## Exercise details
What is wanted is every line below from the one with "3D printable model" up to and including the one with "Iran’s Foreign Minister", retyped exactly, pictures excluded, nothing else.

## Given information
• • • •

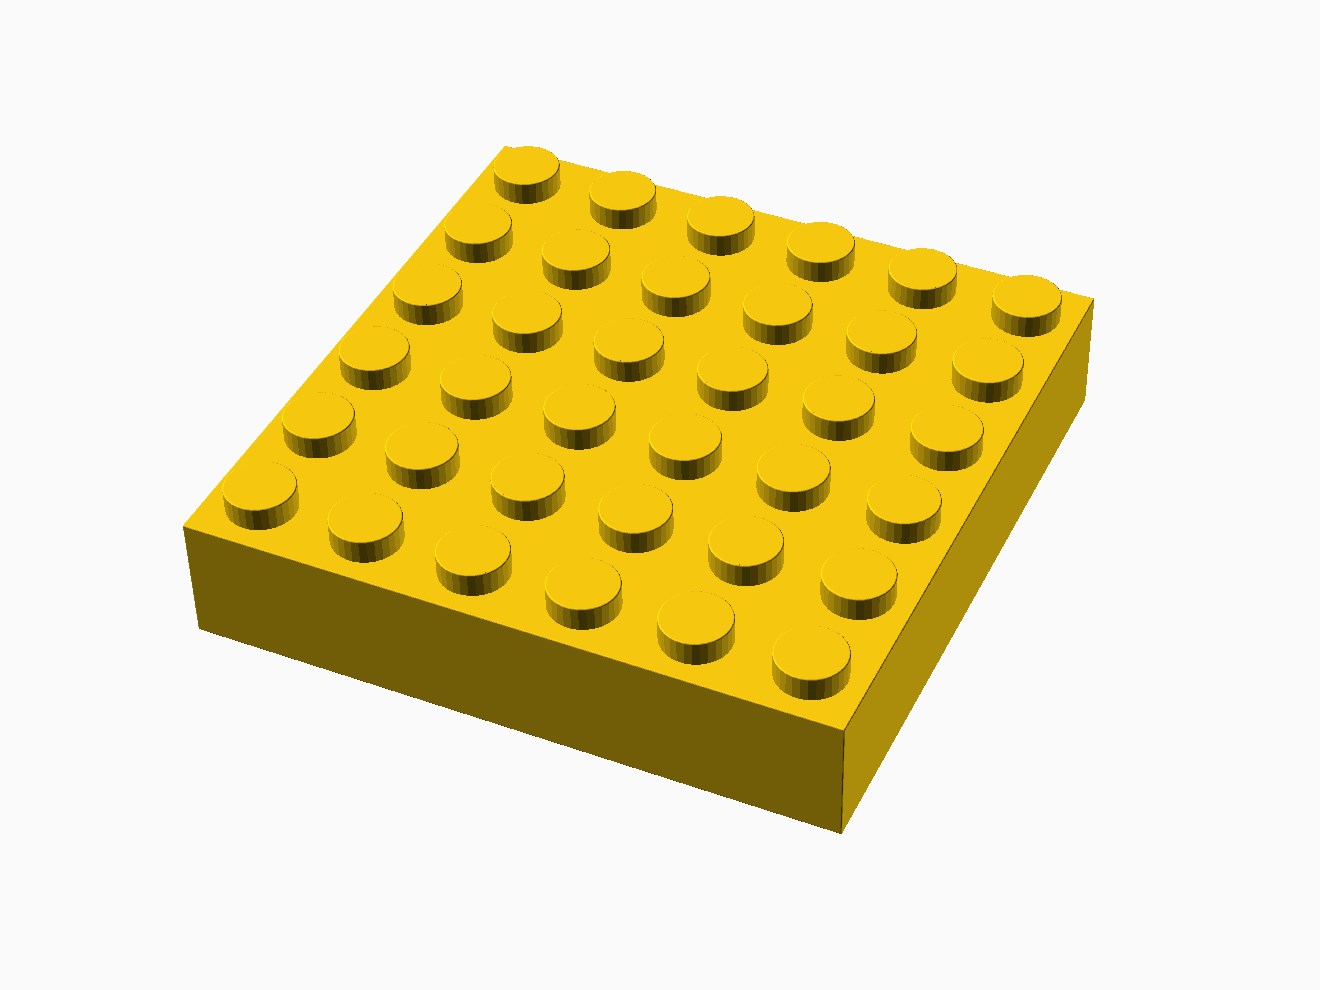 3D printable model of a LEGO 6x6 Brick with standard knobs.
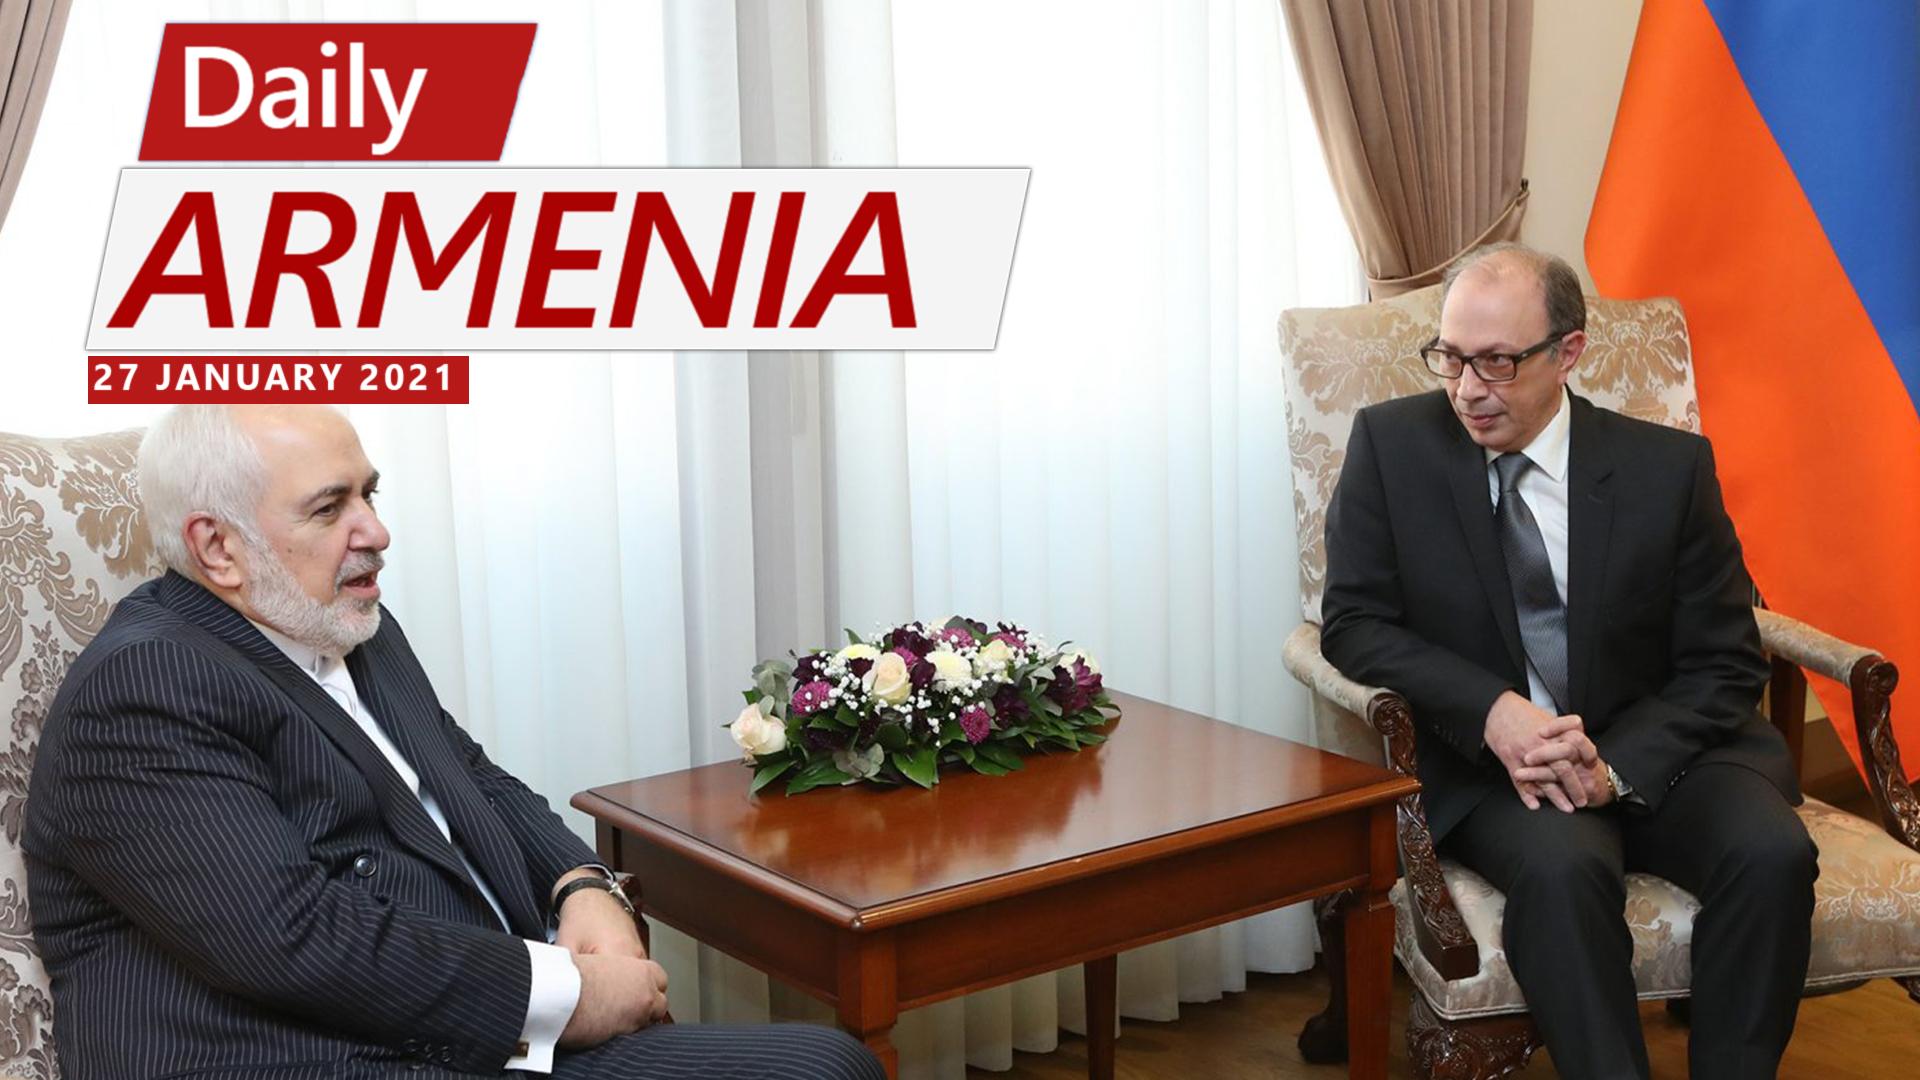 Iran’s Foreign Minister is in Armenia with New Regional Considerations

• • • •

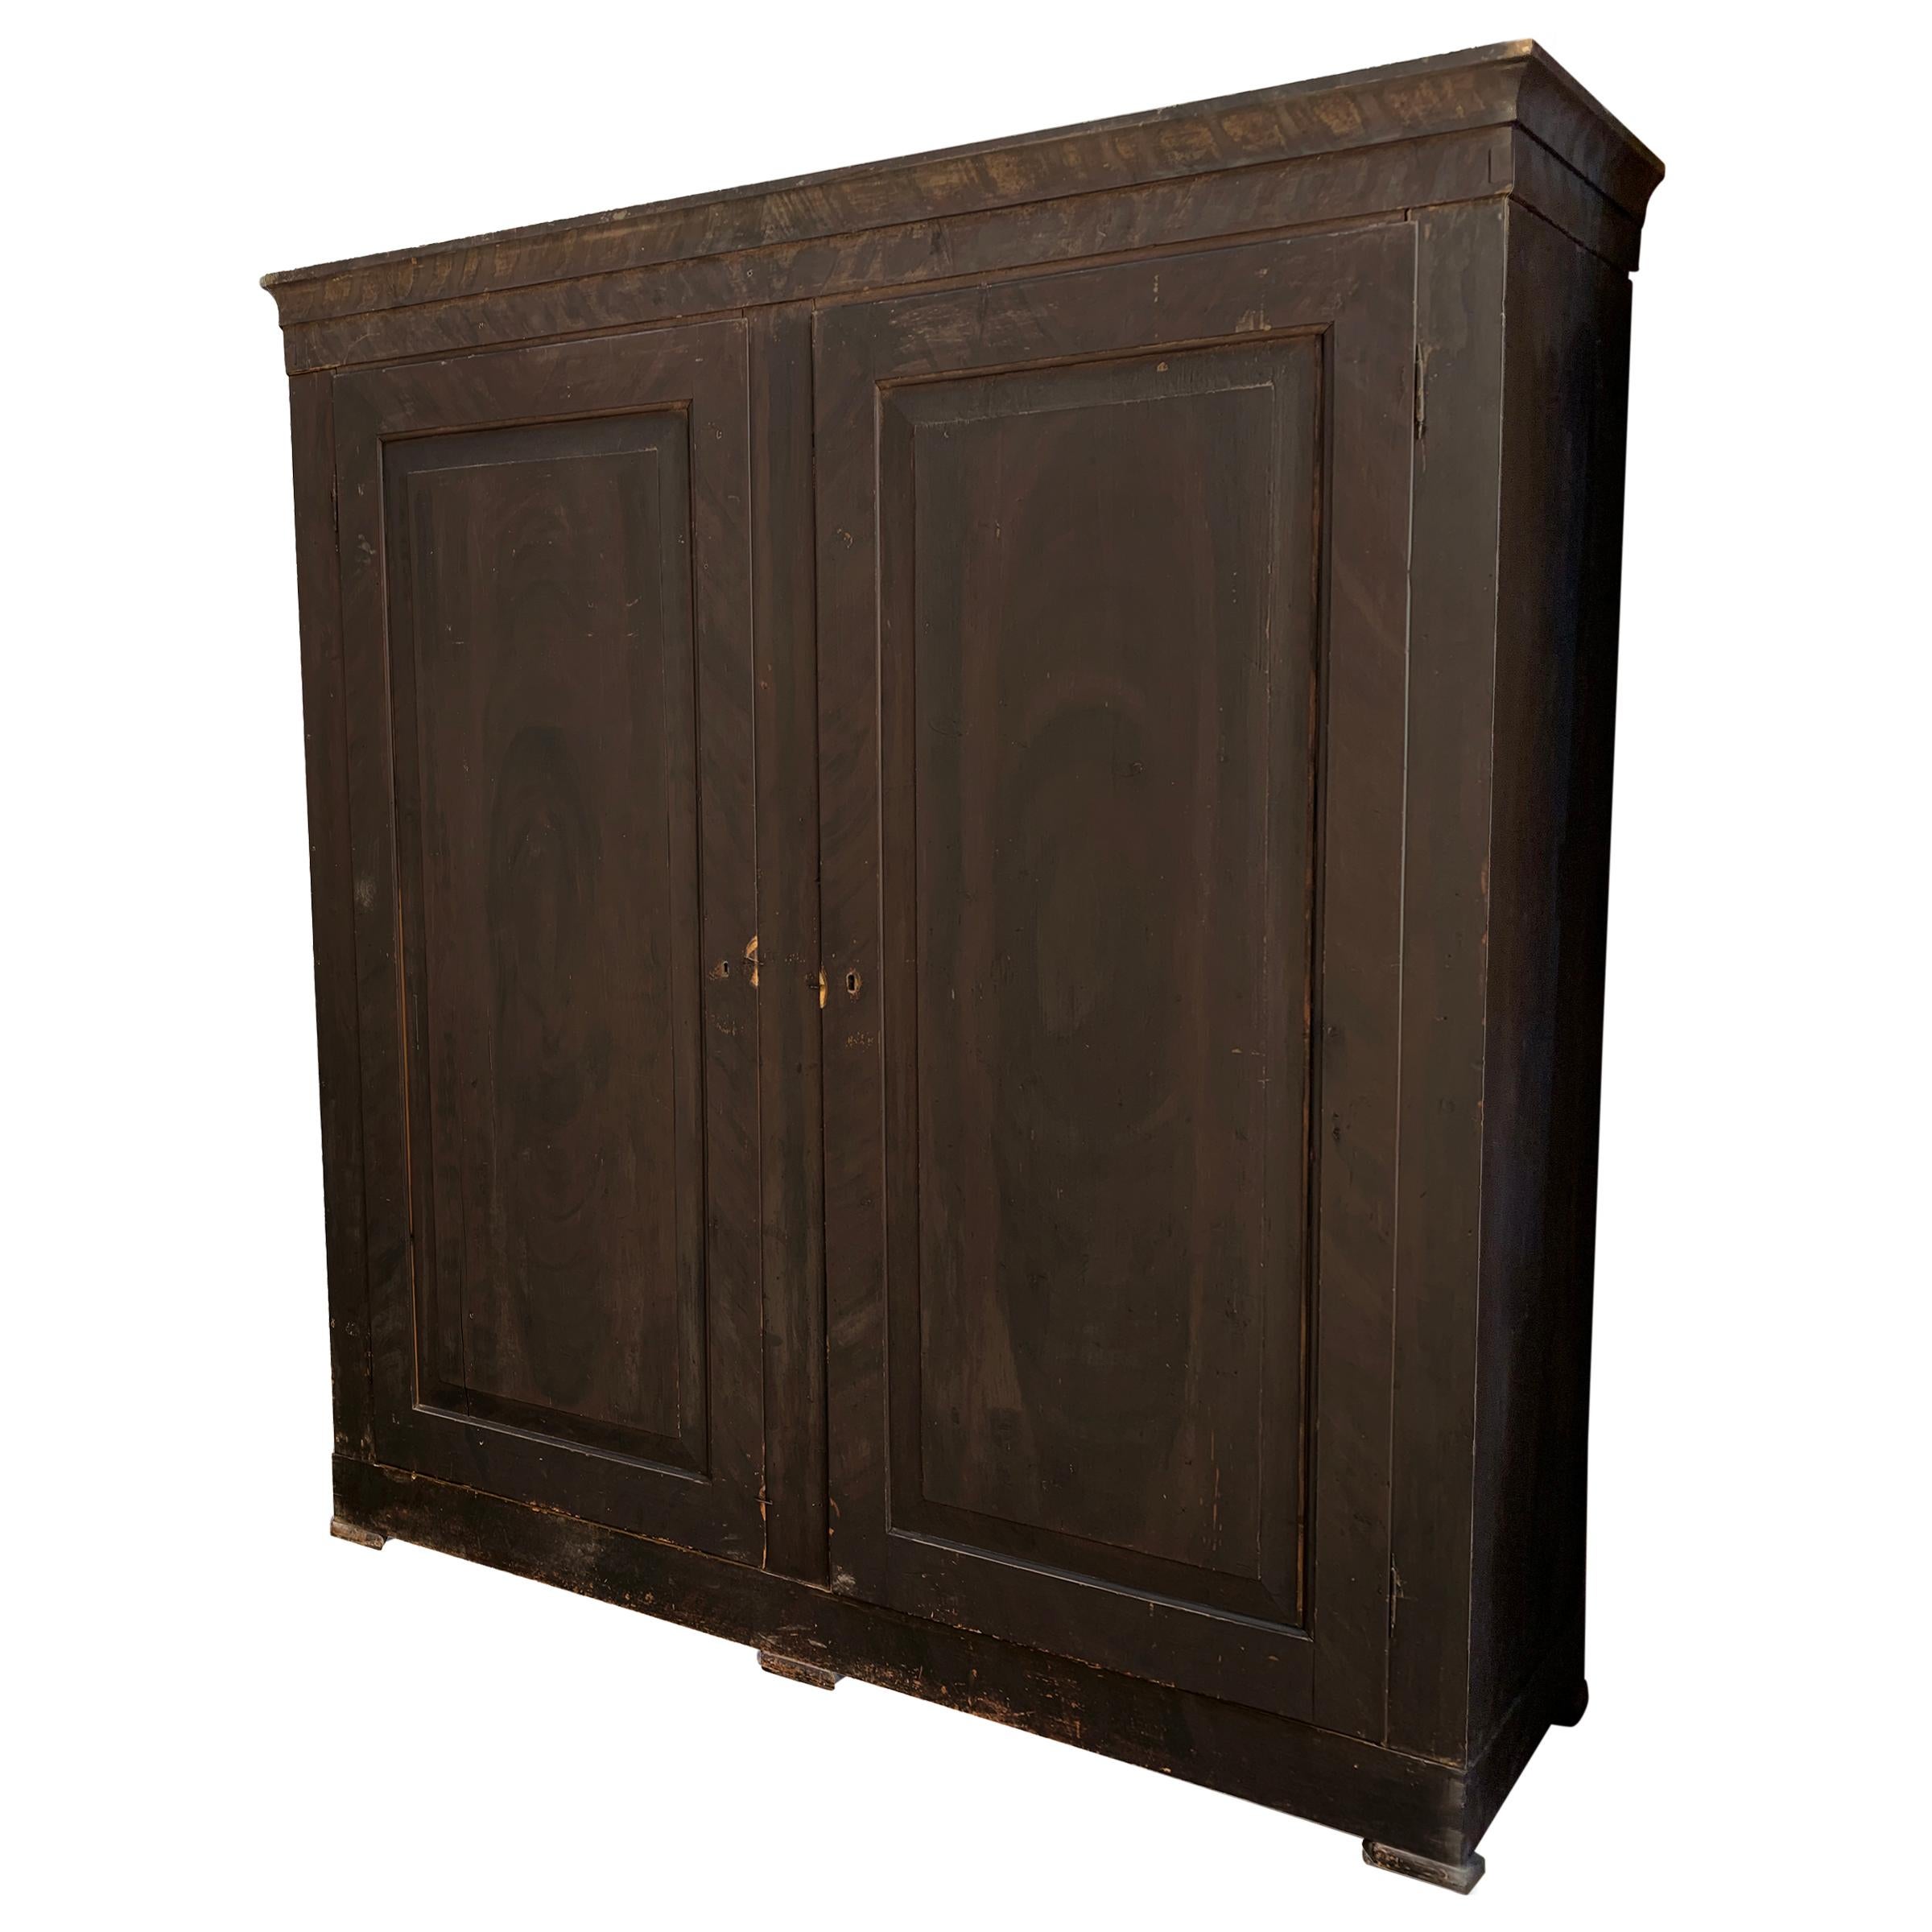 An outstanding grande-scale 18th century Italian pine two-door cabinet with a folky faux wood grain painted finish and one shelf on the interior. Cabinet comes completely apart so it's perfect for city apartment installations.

• • • •

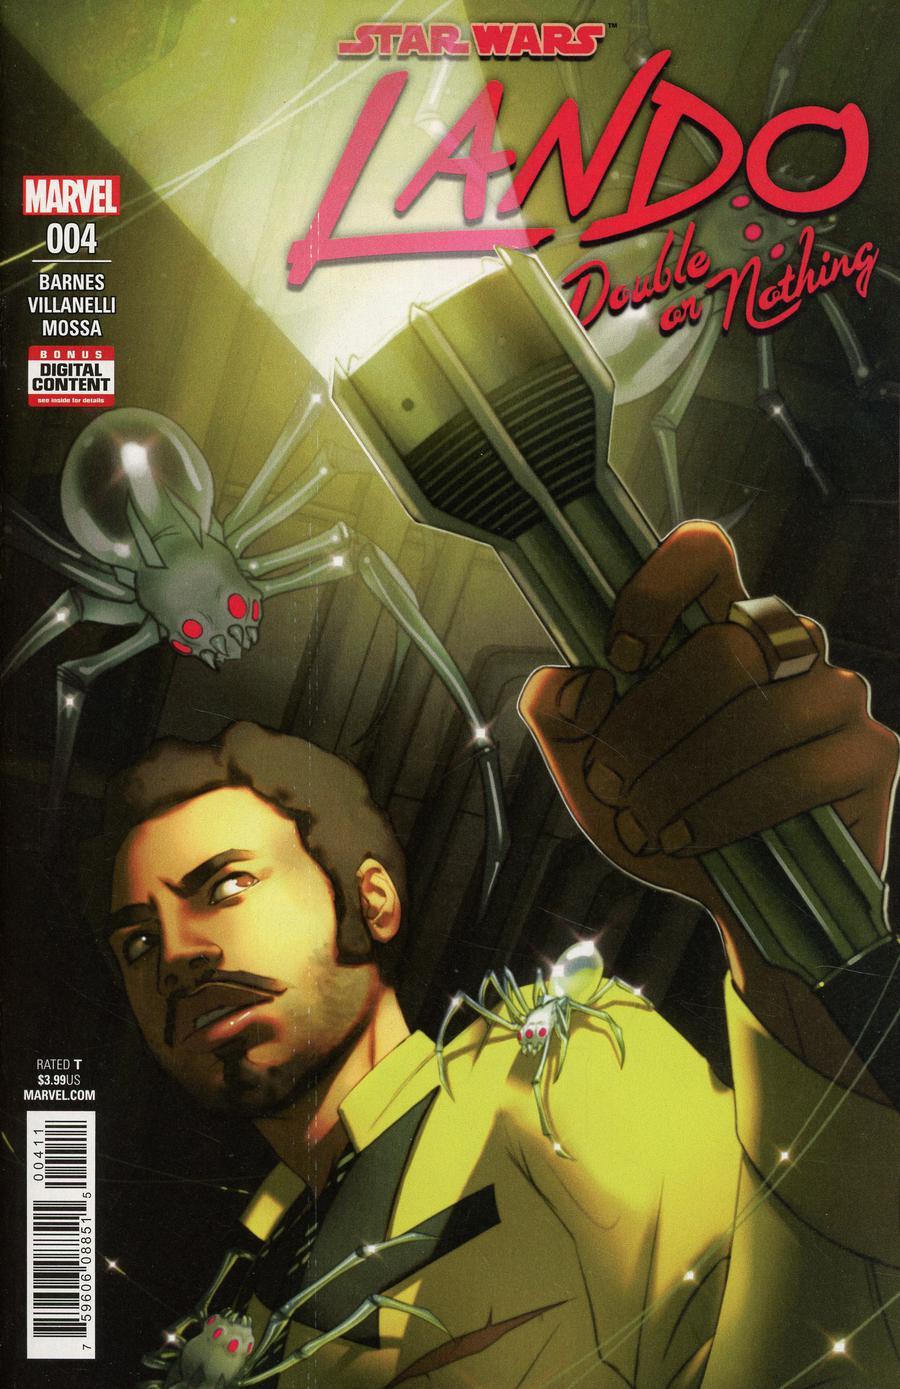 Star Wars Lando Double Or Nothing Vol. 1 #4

• • • •

## Output of the task
 3D printable model of a LEGO 6x6 Brick with standard knobs.
 Iran’s Foreign Minister is in Armenia with New Regional Considerations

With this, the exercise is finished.